= Victoria Glendinning =

British biographer and novelist (born 1937)

Victoria Glendinning (née Seebohm; born 23 April 1937) is a British biographer, critic, broadcaster and novelist. She is an honorary vice-president of English PEN and vice-president of the Royal Society of Literature. She won the James Tait Black Memorial Prize and the Whitbread Prize for biography.

== Early life and education ==
She was born in Sheffield, England, to a Quaker family. Her father was the banker Frederic Seebohm (created a life peer as Baron Seebohm in April 1972), and her great-grandfather was the economic historian, also called Frederic Seebohm. Her mother was clever, "but she never did anything with it, except wait for my father to come home", Glendinning said in a 1999 interview.

Her sister is Caroline Seebohm, an American biographer.

Glendinning grew up near York and, after being privately educated at Millfield School in Somerset, went up to Somerville College, Oxford, to read Modern Languages.

==Awards and honours==
Glendinning is the only person to have won the Whitbread Prize (now the Costa Book Award) for biography twice, for her works on Vita Sackville-West (1983) and Anthony Trollope (1992). She won the James Tait Black Memorial Prize in 1981 for her biography of Edith Sitwell. She was elected a Fellow of the Royal Society of Literature in 1982.

She was appointed Commander of the Order of the British Empire (CBE) in 1998. She was awarded an honorary doctorate by Trinity College Dublin in 1995 and by the University of York in 2000.

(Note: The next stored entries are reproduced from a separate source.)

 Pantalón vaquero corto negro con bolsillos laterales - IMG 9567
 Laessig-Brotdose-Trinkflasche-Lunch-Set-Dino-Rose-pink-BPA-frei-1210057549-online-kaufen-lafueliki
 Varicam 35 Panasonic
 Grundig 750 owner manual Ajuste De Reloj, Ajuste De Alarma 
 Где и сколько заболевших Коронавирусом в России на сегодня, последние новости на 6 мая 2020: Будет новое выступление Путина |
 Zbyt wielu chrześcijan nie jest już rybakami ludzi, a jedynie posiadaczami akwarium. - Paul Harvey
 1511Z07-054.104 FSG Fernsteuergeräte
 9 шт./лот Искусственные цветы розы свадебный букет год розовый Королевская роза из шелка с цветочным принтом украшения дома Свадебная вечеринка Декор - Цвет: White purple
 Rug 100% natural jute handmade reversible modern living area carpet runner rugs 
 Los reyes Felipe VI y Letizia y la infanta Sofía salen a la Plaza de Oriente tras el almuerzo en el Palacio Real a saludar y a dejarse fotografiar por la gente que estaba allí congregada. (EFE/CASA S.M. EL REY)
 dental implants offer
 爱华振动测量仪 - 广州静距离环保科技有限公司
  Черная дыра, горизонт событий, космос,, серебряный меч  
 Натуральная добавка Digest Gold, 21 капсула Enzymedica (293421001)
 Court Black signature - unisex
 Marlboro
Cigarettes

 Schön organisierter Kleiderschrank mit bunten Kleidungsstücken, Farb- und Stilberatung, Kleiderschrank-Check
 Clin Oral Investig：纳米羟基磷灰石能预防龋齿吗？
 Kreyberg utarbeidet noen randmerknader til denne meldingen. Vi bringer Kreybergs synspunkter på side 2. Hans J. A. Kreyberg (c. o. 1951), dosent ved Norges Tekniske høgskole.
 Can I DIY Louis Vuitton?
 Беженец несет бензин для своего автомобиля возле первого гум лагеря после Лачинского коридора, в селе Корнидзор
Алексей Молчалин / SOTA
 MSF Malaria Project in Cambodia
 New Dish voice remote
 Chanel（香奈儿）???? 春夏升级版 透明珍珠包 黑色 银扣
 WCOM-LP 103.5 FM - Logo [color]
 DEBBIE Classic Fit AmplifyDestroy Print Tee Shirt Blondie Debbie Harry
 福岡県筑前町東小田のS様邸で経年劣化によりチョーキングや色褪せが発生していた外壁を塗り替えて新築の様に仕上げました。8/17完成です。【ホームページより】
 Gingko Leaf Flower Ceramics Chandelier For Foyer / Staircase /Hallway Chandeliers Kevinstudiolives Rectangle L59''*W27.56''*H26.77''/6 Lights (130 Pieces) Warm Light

==Marriages and children==
In the second year of her degree course, in 1958, she married one of her Spanish lecturers, Nigel Glendinning. They divorced in 1981. Her second husband, Terence de Vere White, father of Dervla Murphy's only child, died of Parkinson's disease in 1994. In 1996, she married Kevin O'Sullivan, who had previously been married to Shirley Conran. She had four sons before she was 28: sportswriter Matthew Glendinning, with whom she coauthored the book Sons and Mothers; mathematician Paul Glendinning; philosopher Simon Glendinning; and photographer and artist Hugo Glendinning. She sent her children to the local state school.

==Selected publications==
- A Suppressed Cry: Life and Death of a Quaker Daughter, 1969, Routledge & Kegan Paul
- Elizabeth Bowen: Portrait of a Writer, 1977, Weidenfeld & Nicolson
- Edith Sitwell: A Unicorn Among Lions, 1981, Weidenfeld & Nicolson
- Vita: The Life of Vita Sackville-West, 1983, Weidenfeld & Nicolson
- Rebecca West: A Life, 1987, Weidenfeld & Nicolson
- The Grown-Ups, 1989, Hutchinson (a novel)
- Trollope, 1992, Hutchinson
- Electricity, 1995, Hutchinson (a novel)
- Sons and Mothers (co-editor with Matthew Glendinning) 1996, Virago, ISBN 1860492541
- Jonathan Swift, 1998, Hutchinson
- The Weekenders (contributor), 2001, Ebury (from a short visit to Sudan)
- Flight, 2002, Scribner
- Leonard Woolf: A Biography, 2006, Simon & Schuster
- Cousin Rosamund by Rebecca West (Victoria Glendinning wrote the Afterword)
- Love's Civil War: Elizabeth Bowen and Charles Ritchie: Letters and Diaries, 1941–1973 (co-editor with Judith Robertson) 2009, Simon & Schuster
- Raffles and the Golden Opportunity, 2012, Profile Books Ltd.
- The Butcher's Daughter, 2018, Duckworth Overlook (a novel centered on the dissolution of Shaftesbury Abbey in the 1530s)
- "John Lewis: How the partnership grew out of poverty, violence and a family feud". Express, August 18, 2021

===Critical studies and reviews===
- Madden, Paul (2013). "Raffles' prize" Review of Raffles and the golden opportunity.